How we used Reinforcement Learning to solve the Abbey of Crime | Juantomás Garcia Molina

Learn how to solve complex problems using reinforcement learning and deep learning, as demonstrated by the Abbey of Crime project, where a neural network plays a difficult game with billions of possible moves.

Key takeaways
  • Using Keras is recommended for deep learning projects.
  • Reinforcement learning is a method to learn from rewards or punishments.
  • The Abbey of Crime project uses a neural network to play a game.
  • The game is very difficult to solve, with billions of possible moves.

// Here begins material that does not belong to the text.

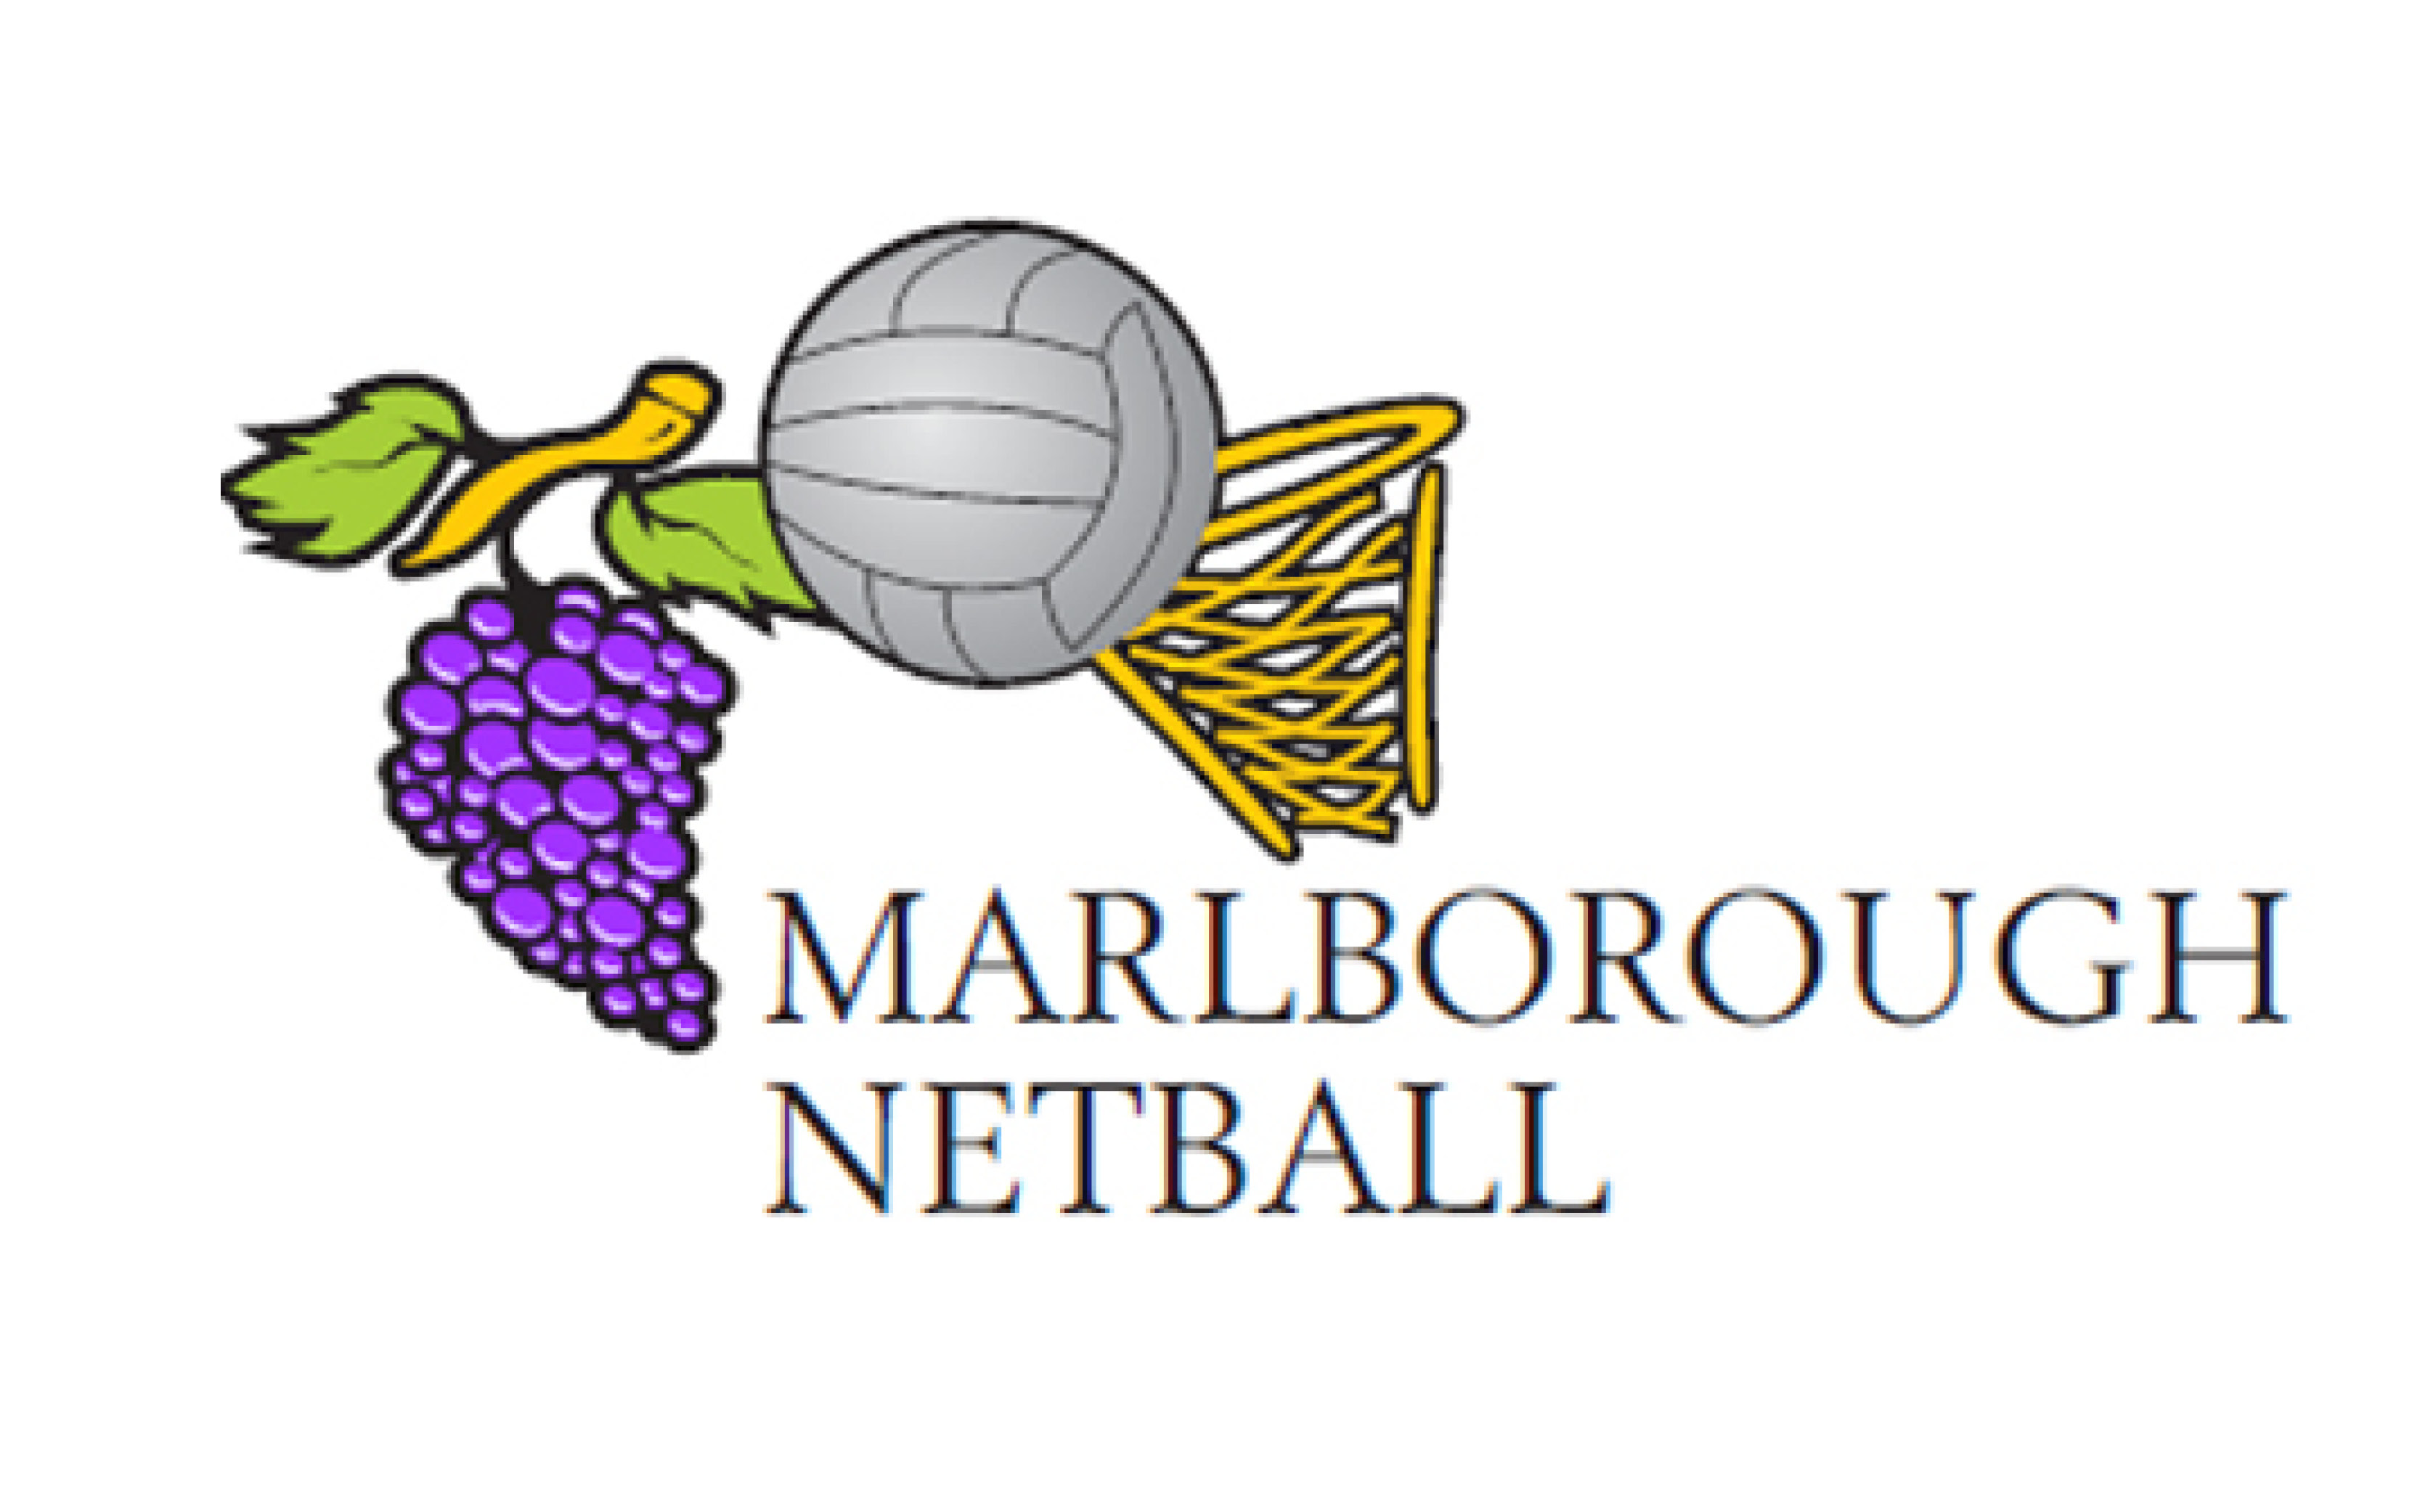 Marlborough Netball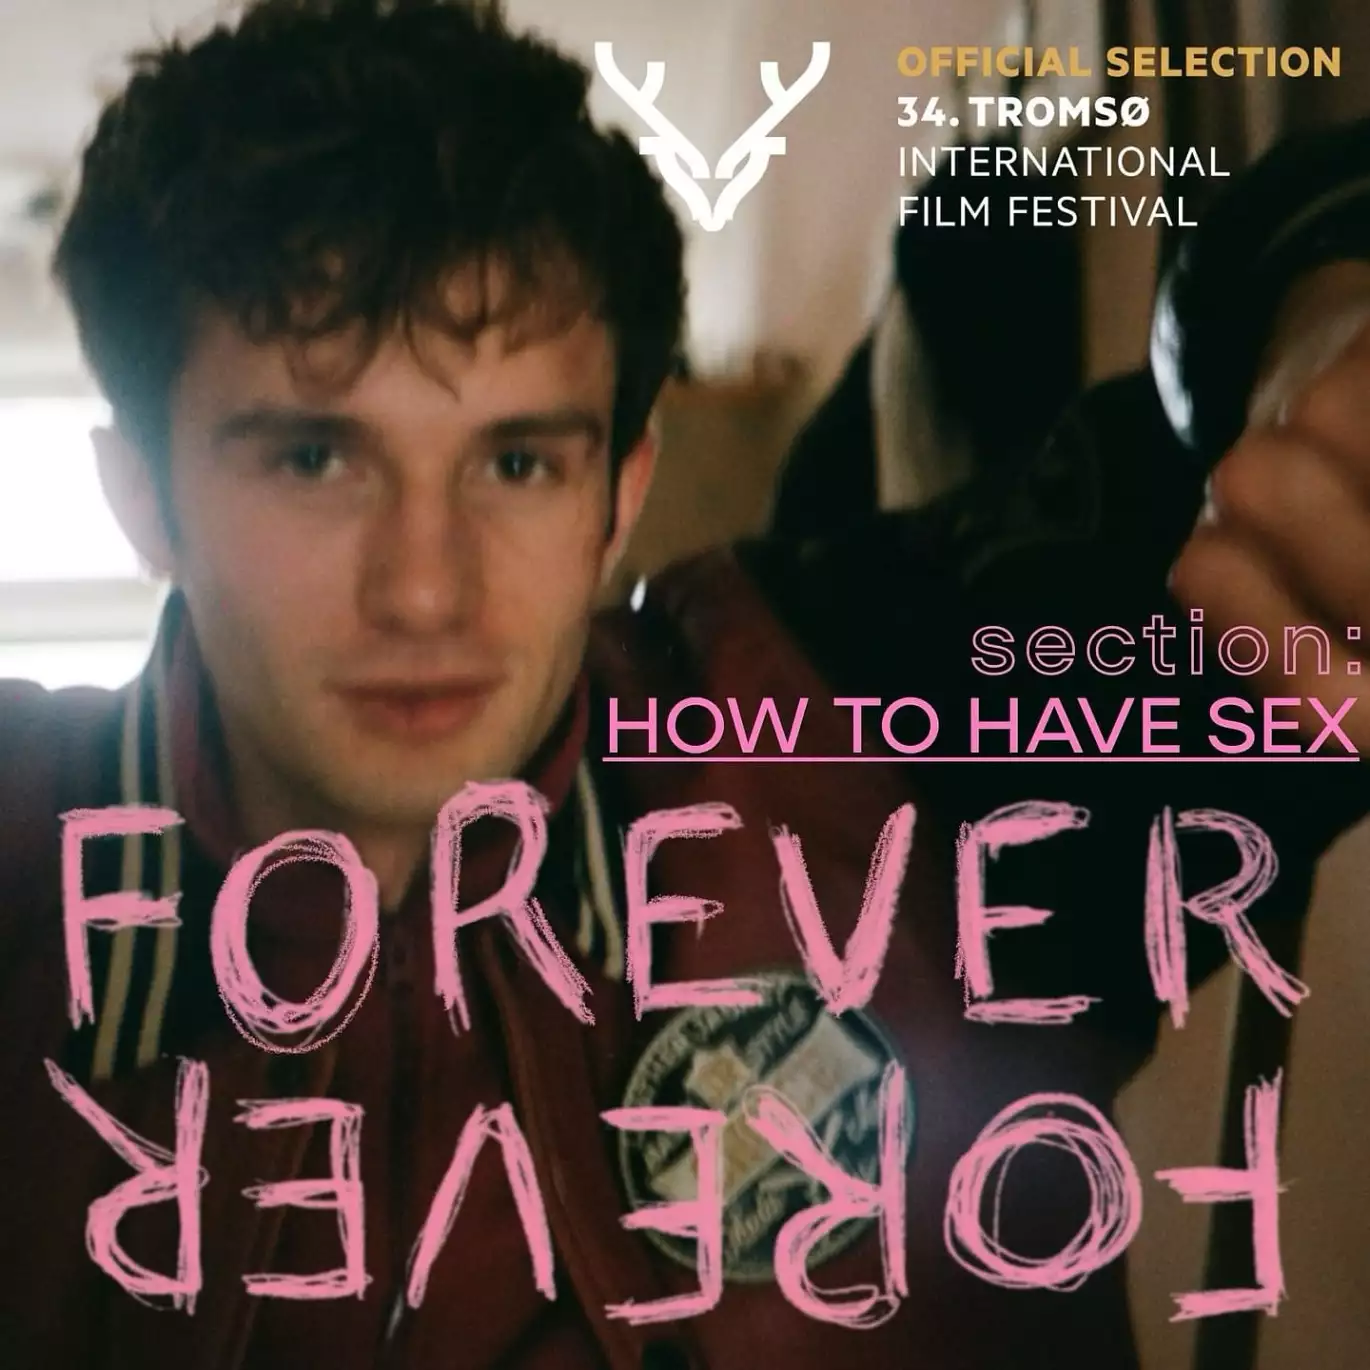 Фільм Анни Бурячкової «Назавжди-назавжди» візьме участь у міжнародному кінофестивалі у Тромсе в секції «Як займатися сексом»

  • The project uses a Docker file to create a container for the game engine.
  • The game engine is run in a Kubernetes cluster with 10 machines.
  • The project uses a smart cluster to manage the game engine and artificial intelligence.
  • The artificial intelligence needs to learn from rewards or punishments to improve its game-playing abilities.
  • The project uses a OpenAI gene to normalize the game environment.
  • The game is played in a loop, with the artificial intelligence making decisions and receiving rewards or punishments.
  • The project uses a fake keyboard to interact with the game engine.
  • The game engine runs in a cluster with multiple machines.
  • The project uses a neural network to predict the outcome of the game.
  • The artificial intelligence needs to learn from millions of games to improve its abilities.